Elliot leaned back and scratched at his beard. “Fifty to one. Maybe a hundred to one. I’d be stunned if they didn’t.”
“I would be too. The timing’s just too perfect. So the question is, why exactly would someone want to kill him over this?”
Elliot broke a smile. “You going for the reward?”
“Not specifically, although if we came up with something really good right here and now, I’d be happy to share with you.”
“Okay. Deal.” Elliot stretched out a hand and they shook. “Now give me a second.” Sitting in his wheelchair, he closed his eyes, head back. “Theory number one takes a bit of a stretch to start out, but ends strong.”
“Let’s hear the stretch part.”
“All right. We assume that Como either didn’t know about or wasn’t hands-on responsible for any of the stuff from tomorrow’s column.” He held up a hand. “I said it was a stretch. But let’s assume…”
Roake made a face. “Okay, but only for the sake of argument.”
“Fair enough. Como is a bona fide saint who doesn’t know that scandal is about to blow up all over at Sunset. Somebody else, let’s call him Turner for lack of a better word, has been screwing with the books and playing loose with the rules for three years or more-”
“Try twenty,” Roake said.
“Okay, twenty. Anyway, so last week Como gets wind of let’s say the AmeriCorps problem cutting off his federal grants. So he goes to Turner, his corporate counsel, and realizes that it’s got to have been Turner behind the cooking of the books and the misuse of the funds. So he meets him alone and calls him on it, says he’s going to fire him, get him kicked off the COO program, all of the above. Turner can’t have that happen, and voilá. He whacks him.”
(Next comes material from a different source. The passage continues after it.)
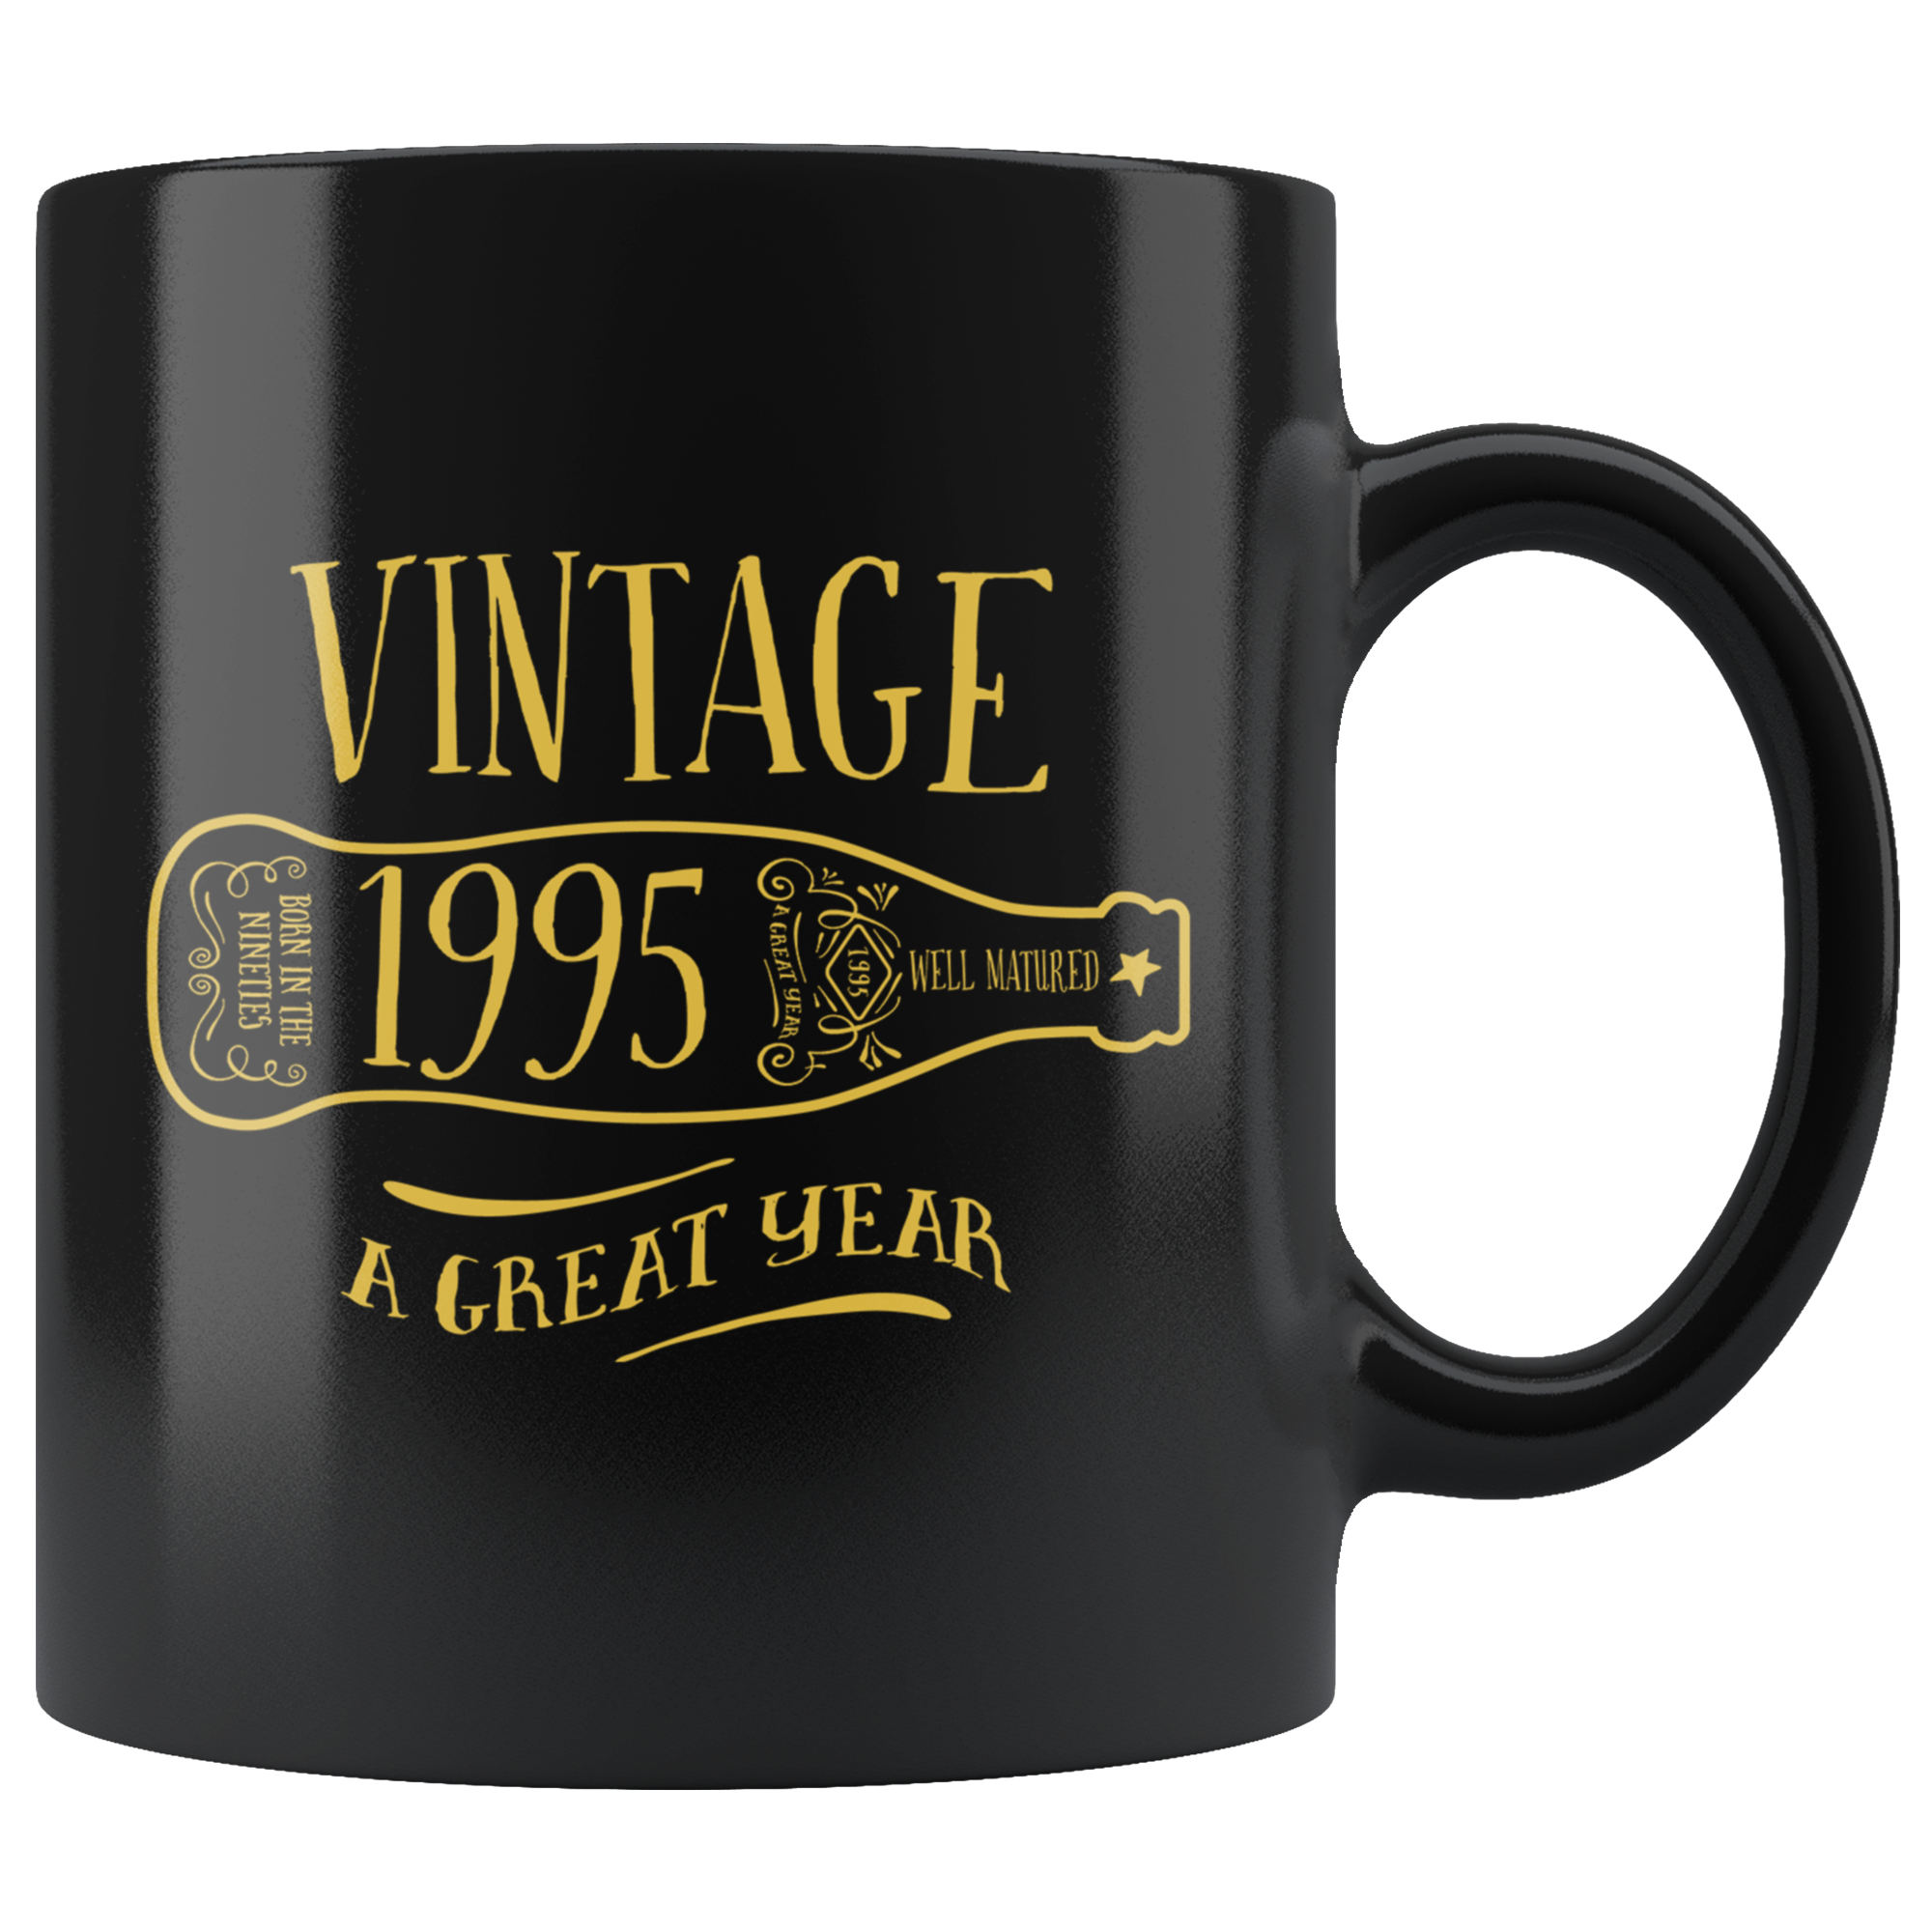 Vintage 1995 - Black Mug

“Yeah, but Turner knows this stuff’s going to come out anyway.”
“Sure, but if the community hangs together, Sunset loses some federal funding for a while, but otherwise nothing happens. Nothing changes. On the other hand, if Como makes a stink, Turner’s in deep shit with the whole nonprofit world, which is his entire income. Not to say life.”
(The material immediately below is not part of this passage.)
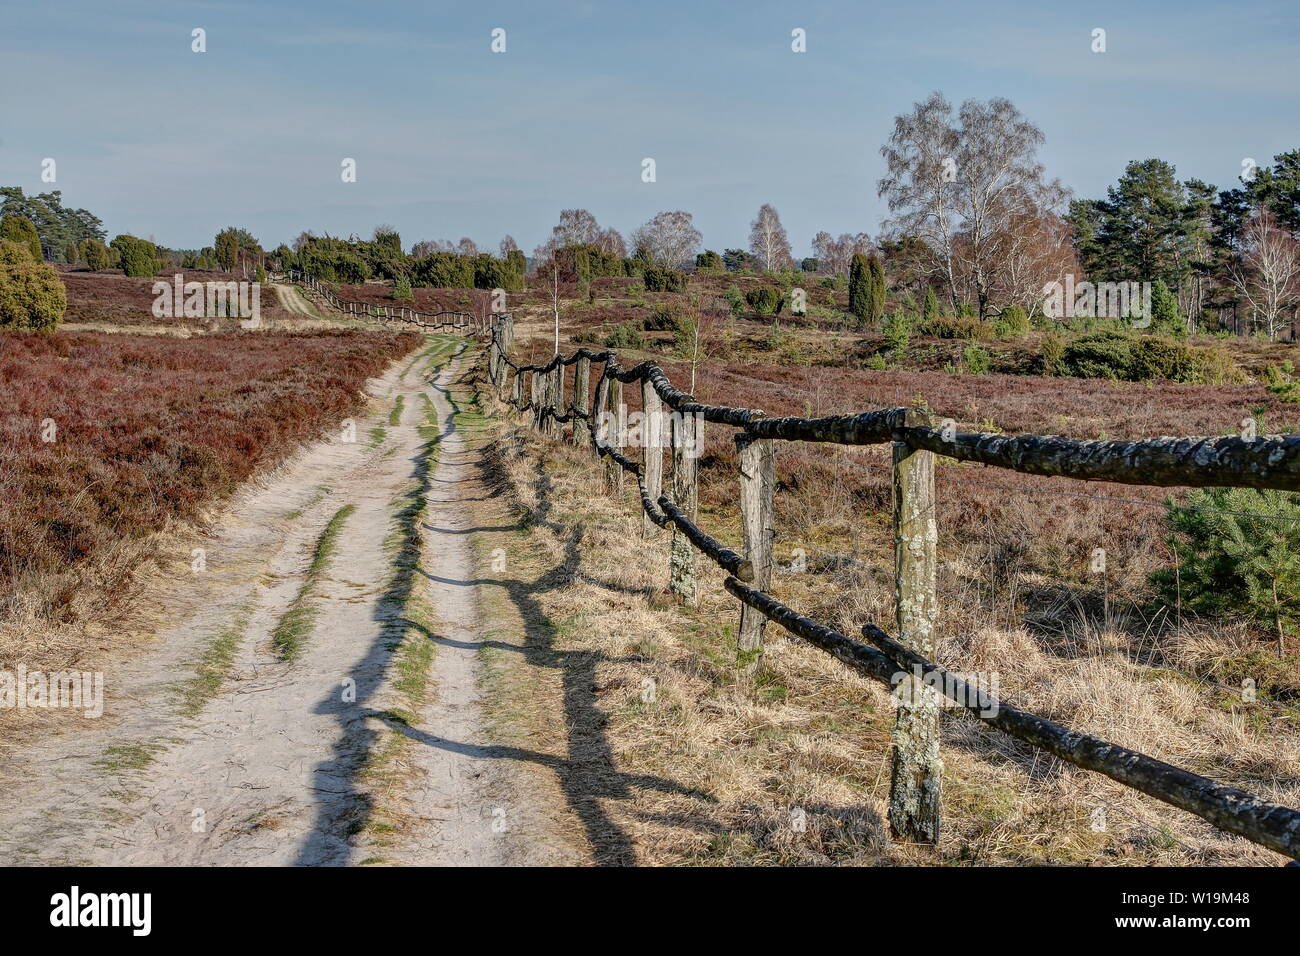 Le long de la old weathered barrière en bois mène le sentier apparemment infinis dans la réserve naturelle. Luenburger Banque D'Images

Roake chewed on it for a moment. “Possible,” she said, “if you can buy the premise, which I’m afraid I can’t.”
“Yeah,” Elliot said. “I don’t know if I can either. I mean, it would be hard to argue that Como didn’t know he had some drivers taking him around places, you know?”
“I know. So where’s that leave us?”
“We need a second theory, and I got the first one, so it’s your turn.”
“All right.” Roake closed her own eyes. “Okay, how’s this: One of those private interests that provided the funding, they got pissed that Como was essentially stealing from them, personally.”
“So they killed him?” Elliot was shaking his head. “Doesn’t sing for me at all. And besides, that’s the COO money you’re talking about, and that report-the budget analysis-was coming out right about the time somebody killed him. So if it was about money, the timing says it was about the federal money.”
“And Turner, somehow, don’t you think? All right, how’s this? They both knew about the money problems. Are either of them looking at prison time over this?”